Task material:
* * * * * * *

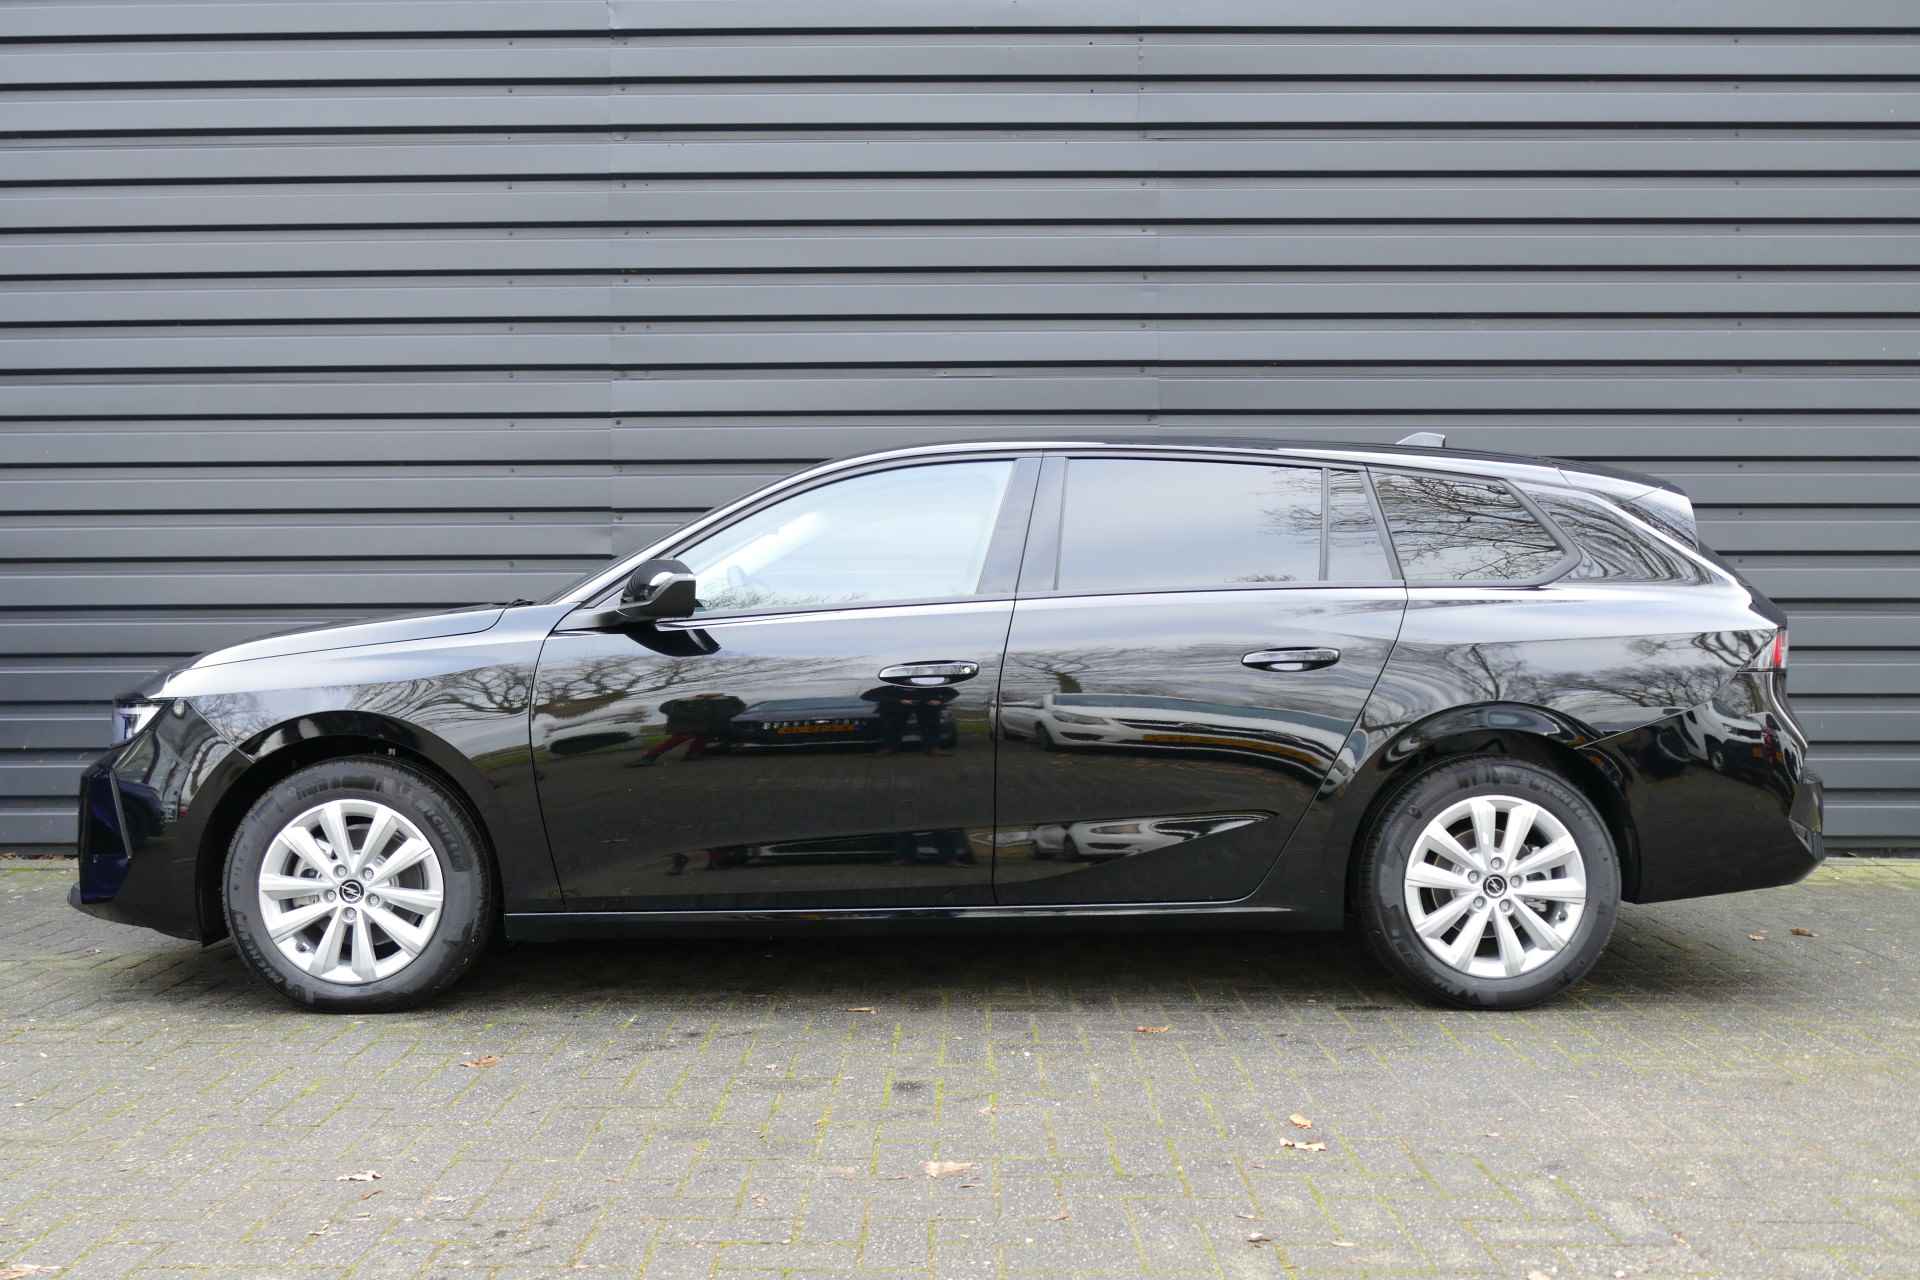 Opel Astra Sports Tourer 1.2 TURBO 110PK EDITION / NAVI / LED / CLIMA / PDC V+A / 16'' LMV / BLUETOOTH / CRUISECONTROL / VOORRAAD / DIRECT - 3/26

* * * * * * *

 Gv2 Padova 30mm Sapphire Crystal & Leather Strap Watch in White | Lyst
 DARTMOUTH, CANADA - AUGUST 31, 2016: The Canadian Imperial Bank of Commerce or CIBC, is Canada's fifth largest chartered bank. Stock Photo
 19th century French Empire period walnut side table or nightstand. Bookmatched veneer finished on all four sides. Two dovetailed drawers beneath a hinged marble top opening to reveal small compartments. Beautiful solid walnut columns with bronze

* * * * * * *

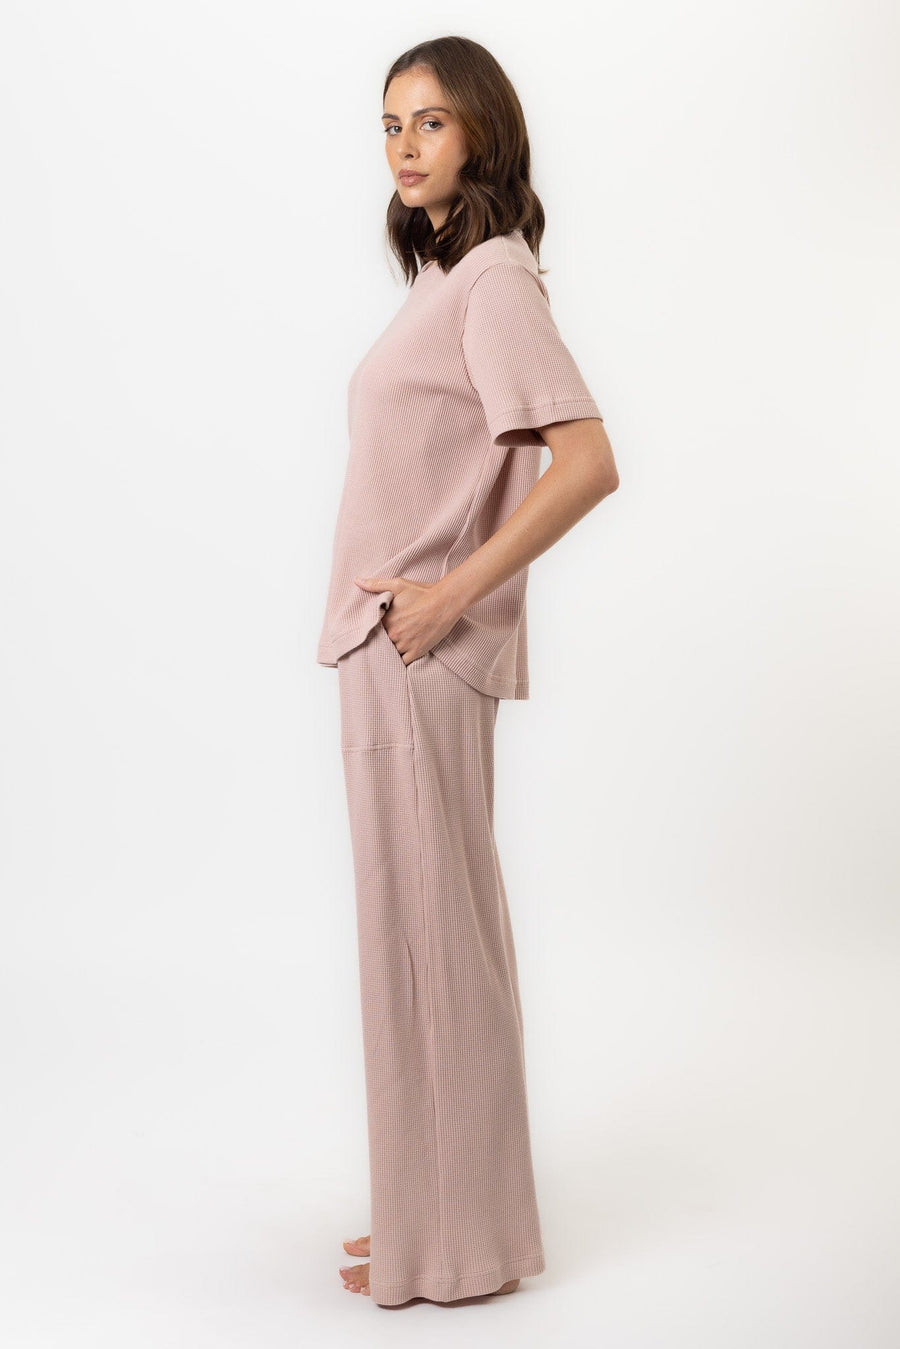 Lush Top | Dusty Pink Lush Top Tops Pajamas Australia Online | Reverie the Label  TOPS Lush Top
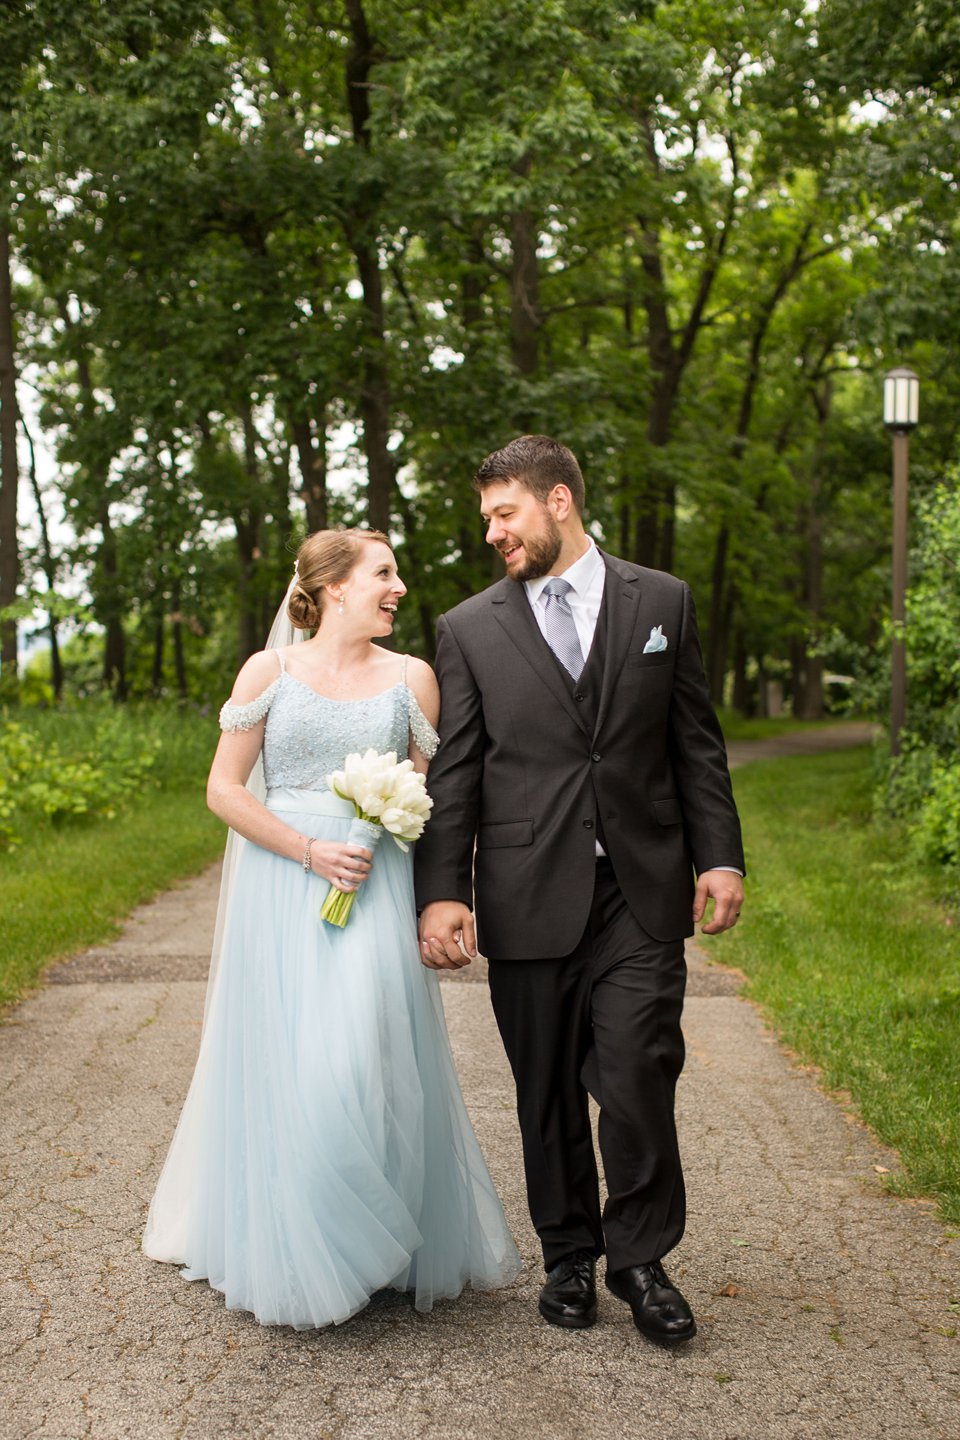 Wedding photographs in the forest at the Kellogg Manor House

* * * * * * *

Exercise: What is wanted is an exact copy of the lines above from the one containing "Lush Top | Dusty" through the one containing "Wedding photographs in", with no pictures in it.

Answer to this problem:
 Lush Top | Dusty Pink Lush Top Tops Pajamas Australia Online | Reverie the Label  TOPS Lush Top
 Wedding photographs in the forest at the Kellogg Manor House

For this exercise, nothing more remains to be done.